The MPD system enabled the operator to successfully reach the target depth, while mitigating wellbore stability hazards and quickly identifying small downhole losses and packoffs. Such losses and packoffs were mitigated by increasing bottomhole pressure, eliminating the time needed to increase mud weight. There was no serious influx, loss, or ballooning. The system also manipulated bottomhole pressure when zones with higher-than-expected wellbore stability gradients were encountered. Upon reaching total depth, a dynamic FIT was performed to 14 ppg without any losses.

The system's ability to control the annular pressure profile of the well resulted in a safe and efficient operation that enabled the operator to restart production in the mature, seemingly depleted formation. Automatic kick and loss detection helped control risks while drilling through rapidly changing pressures.
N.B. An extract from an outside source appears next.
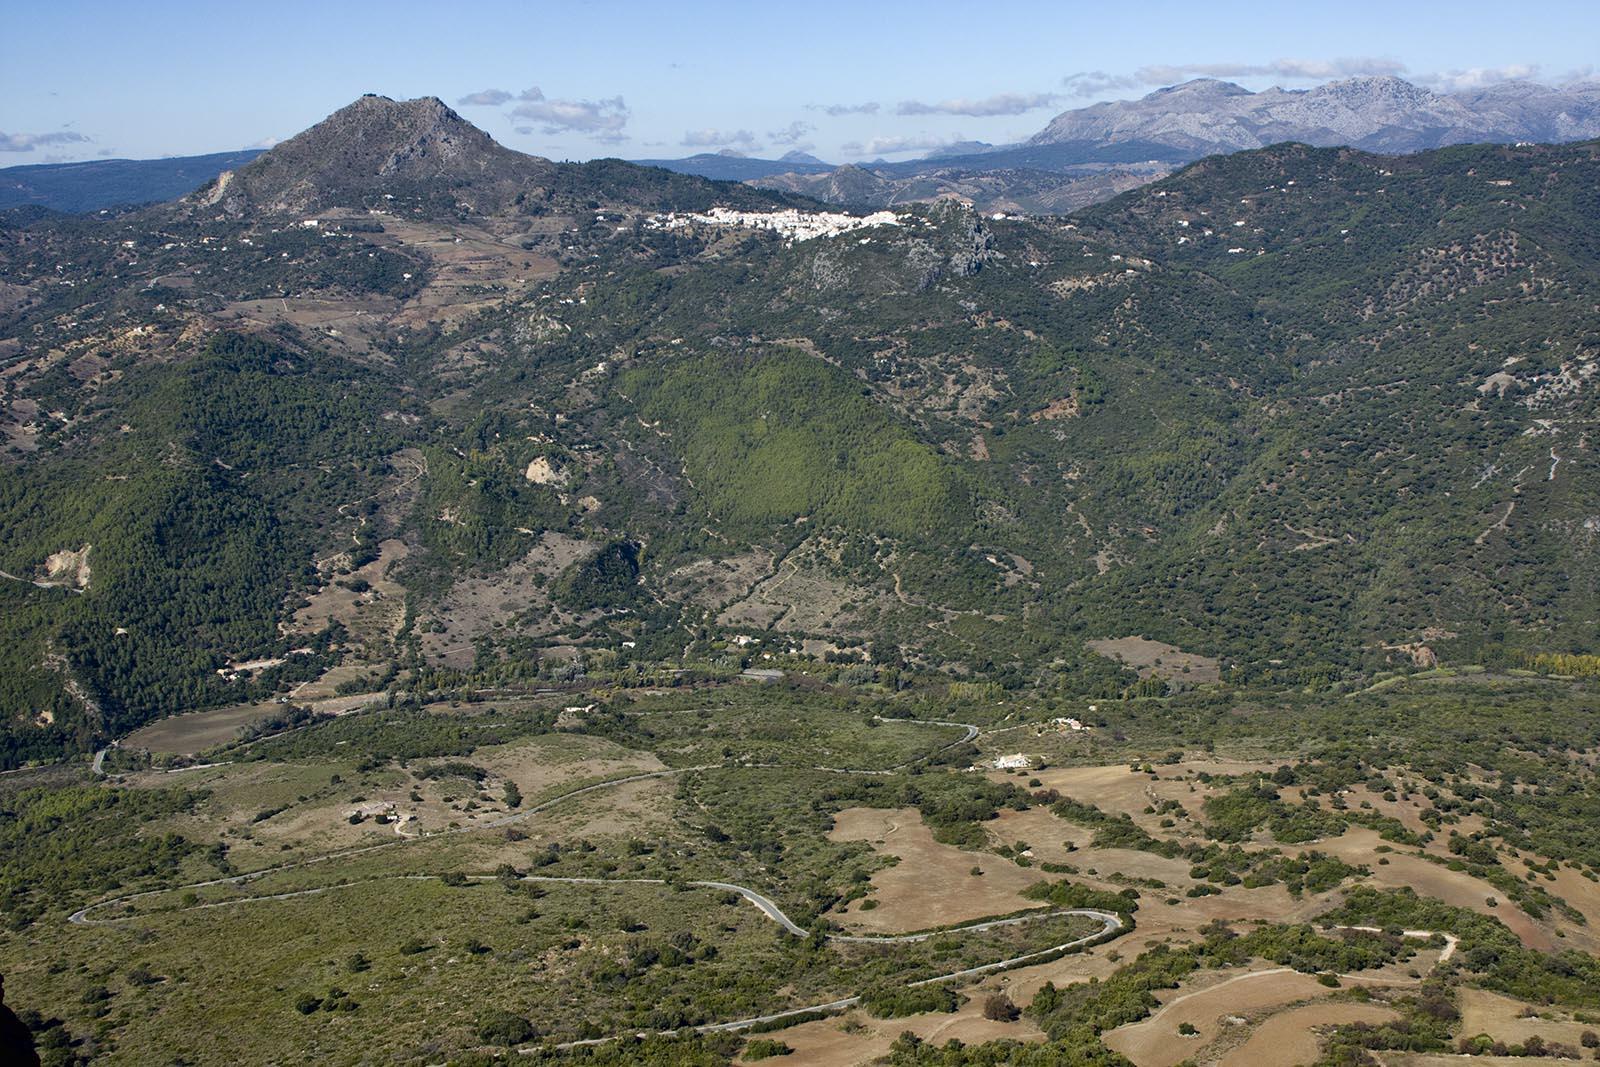 Valle del Genal y Gaucín desde Sierra Crestellina (Casares)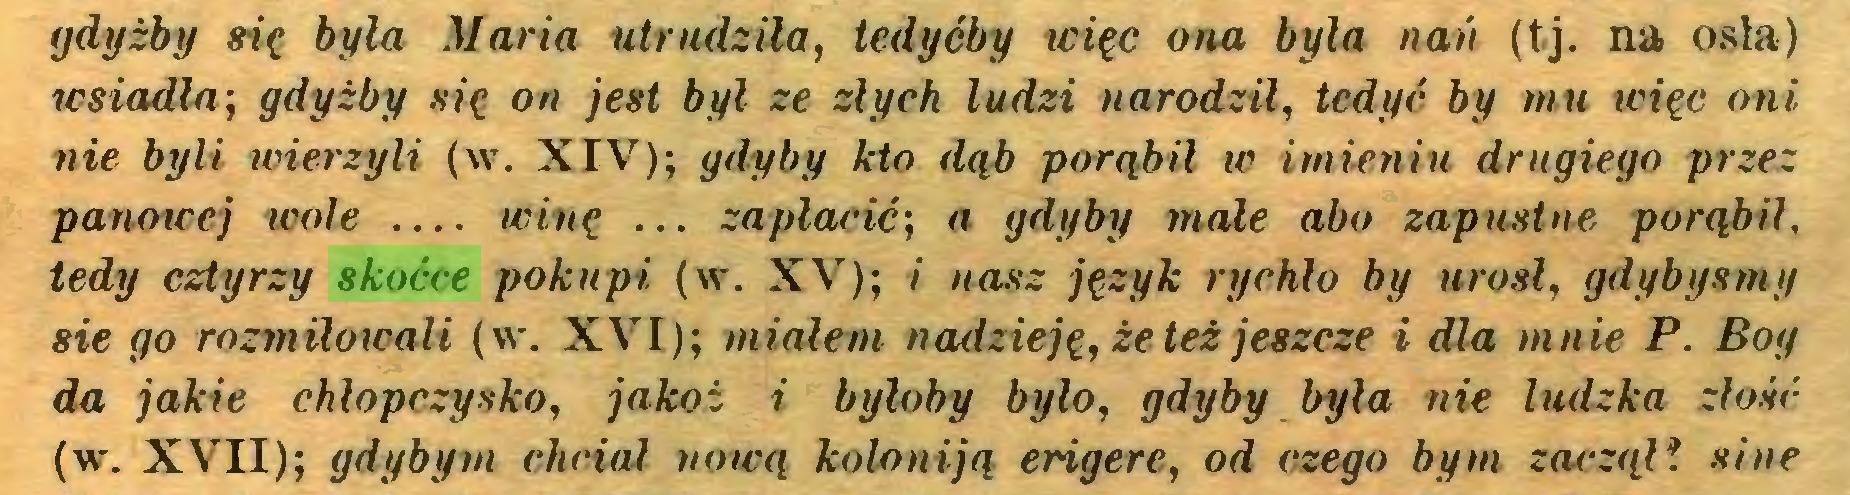 (...) gdyżby się była Maria utrudziła, tedyćby więc ona była nań (tj. na osia) wsiadła; gdyżby się on jest byl ze złych ludzi narodził, tcdyć by mu więc oni nie byli wierzyli (w. XIV); gdyby kto dąb porąbil w imienin drugiego przez panowej wole winę ... zapłacić; a gdyby małe abo zapustne porąbil, tedy cztyrzy skoćce pokupi (w. XV); i nasz język rychło by urósł, gdybyśmy sie go rozmiłowali (w. XVI); miałem nadzieję, że też jeszcze i dla mnie P. Boy da jakie chłopczysko, jakoż i byłoby było, gdyby była nie ludzka złość (w\ XVII); gdybym chciał nową koloniją erigere, od czego bym zaczął? sine...

The success can be quantified by the months of planning and preparation involved. Both the operator and the drilling contractor underwent extensive MPD training prior to project kickoff. The rig team reviewed MPD procedures and practiced MPD connections before drilling out of the casing shoe. The learning curve for the drill crew built quickly and, as their confidence in MPD knowledge and process familiarity increased, the time required to execute various MPD tasks decreased on the second side track.

Moreover, the success of the operation has created opportunities for application of the MPD in similar mature or depleted wells. The operator is currently using the MPD system elsewhere in the GoM.